Maybe?  Will this tell us who took the lock?  I was really trying to
throw out a suggestion in the hope that somebody who knows this area
better than I do would tell me I was wrong.

> Please note that it does not make sense to also check for
> either rcu_lock_map or rcu_sched_lock_map because either of
> these might be held by the interrupted code.
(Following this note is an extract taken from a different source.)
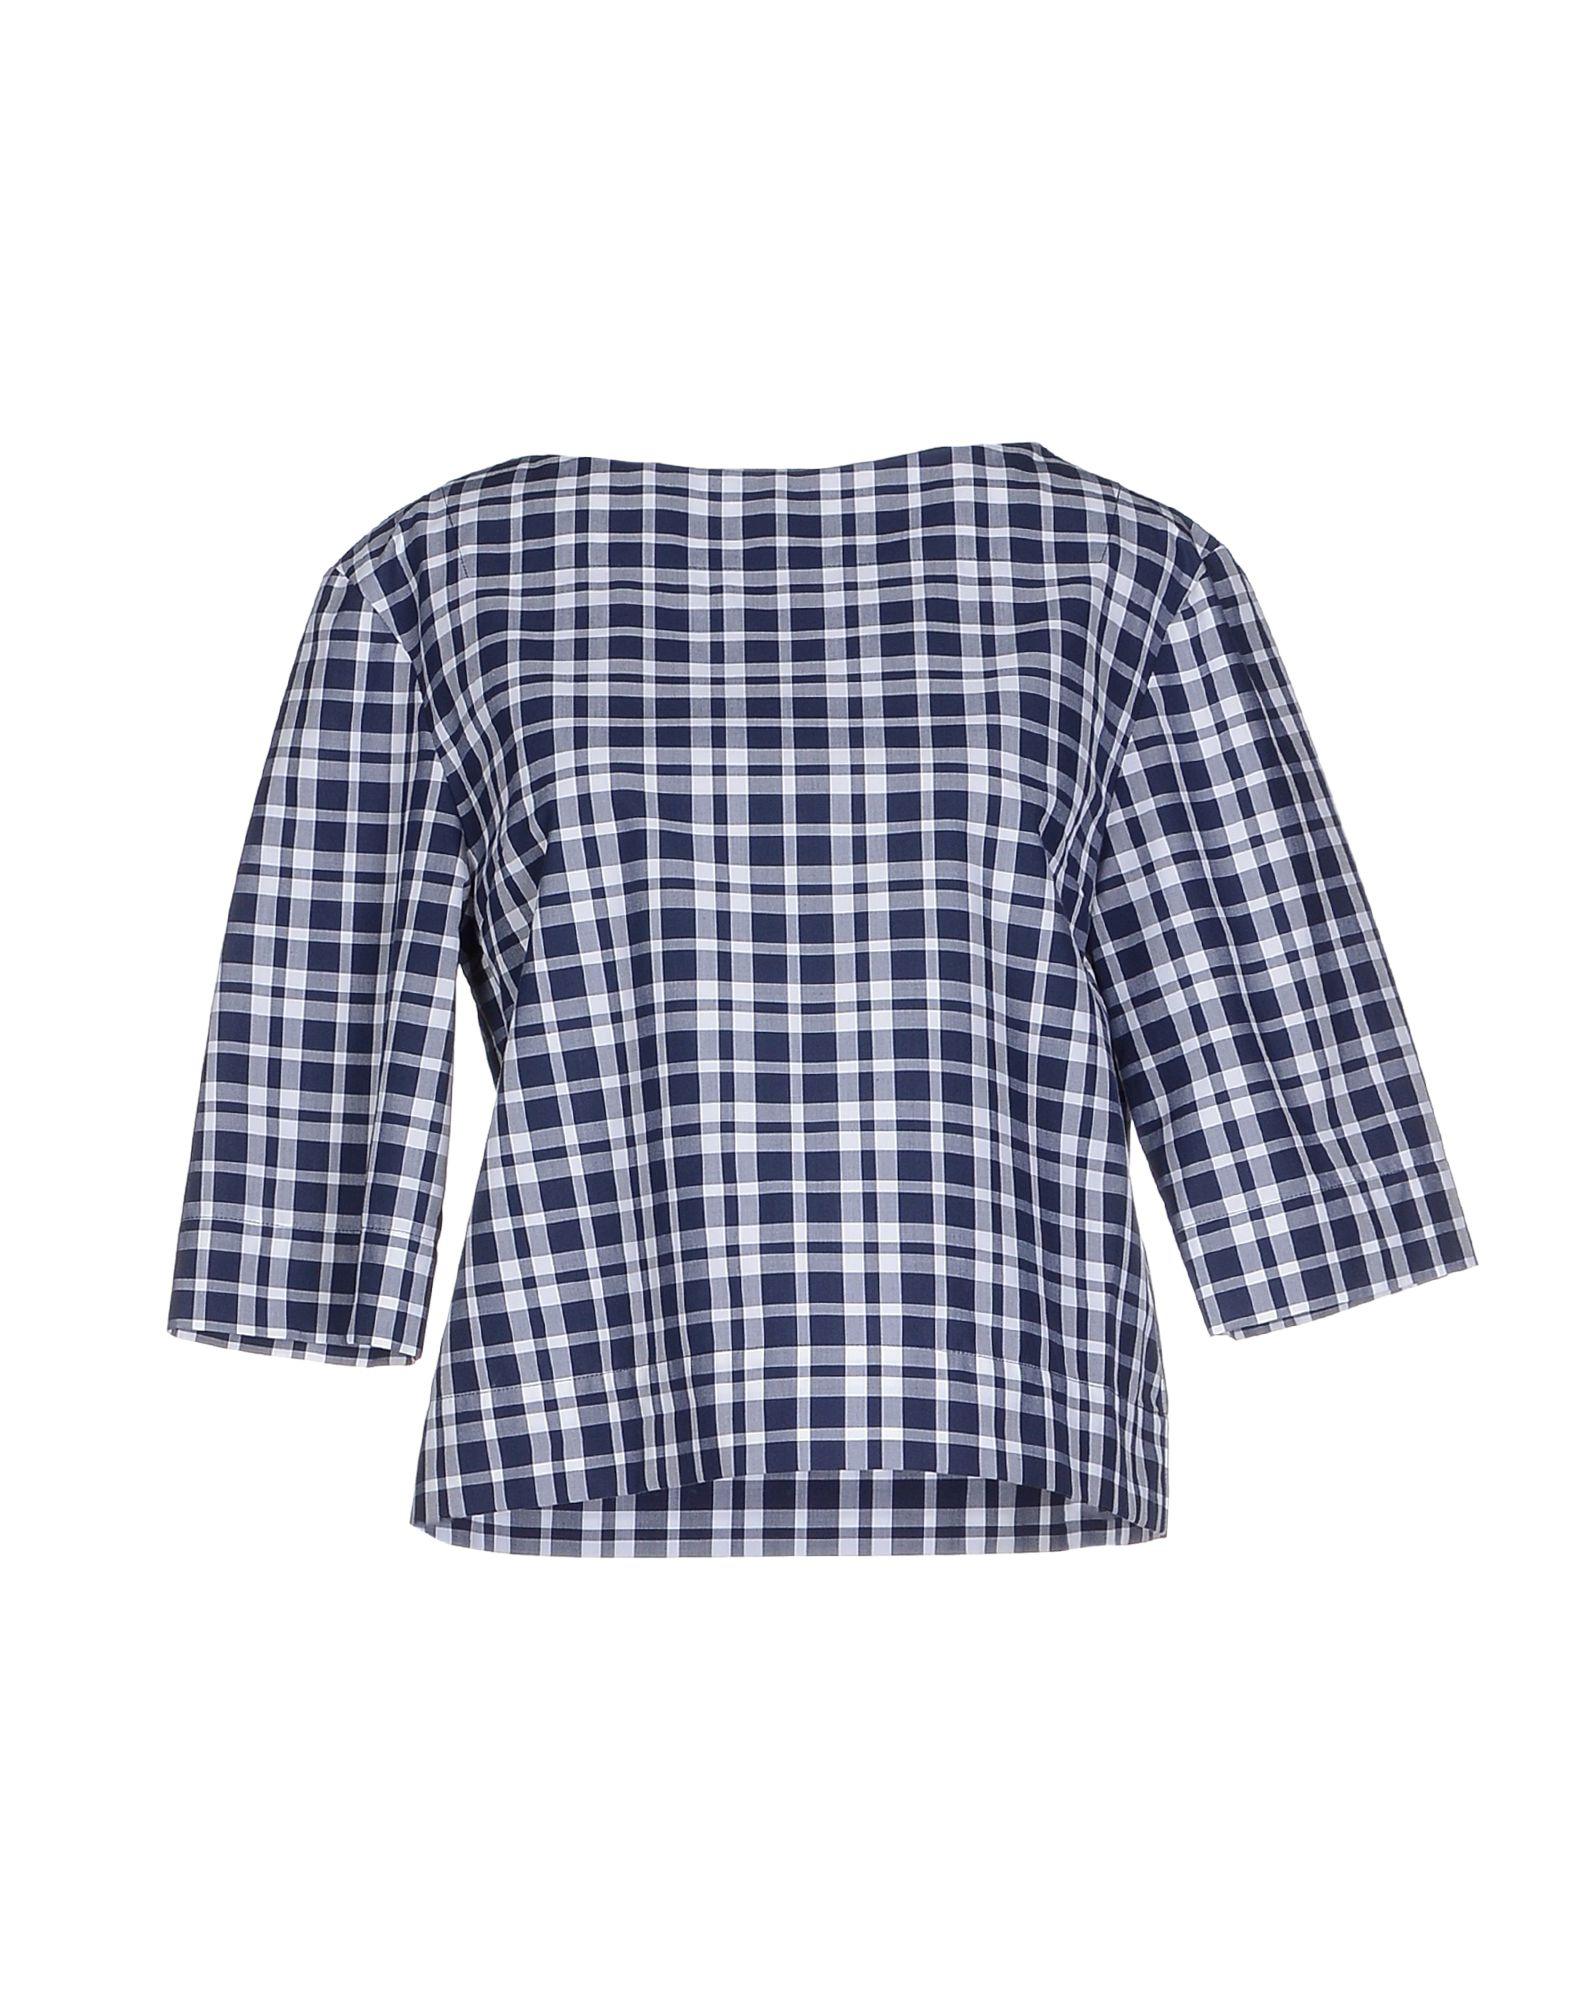 michael kors female michael kors blouses

Yes!  Although if we do it somewhere like tasklet_action_common(),
we could do something like:

+++ b/kernel/softirq.c
@@ -774,6 +774,7 @@ static void tasklet_action_common(struct softirq_action *a,
 
        while (list) {
                struct tasklet_struct *t = list;
+               unsigned long rcu_lockdep = rcu_get_lockdep_state();
 
                list = list->next;
 
@@ -790,6 +791,10 @@ static void tasklet_action_common(struct softirq_action *a,
                        }
                        tasklet_unlock(t);
                }
+               if (rcu_lockdep != rcu_get_lockdep_state()) {
+                       printk(something useful about t);
+                       RCU_LOCKDEP_WARN(... something else useful ...);
+               }
 
                local_irq_disable();

where rcu_get_lockdep_state() returns a bitmap of whether the four rcu
lockdep maps are held.

We might also need something similar in __do_softirq(), in case it's
not a tasklet that's the problem.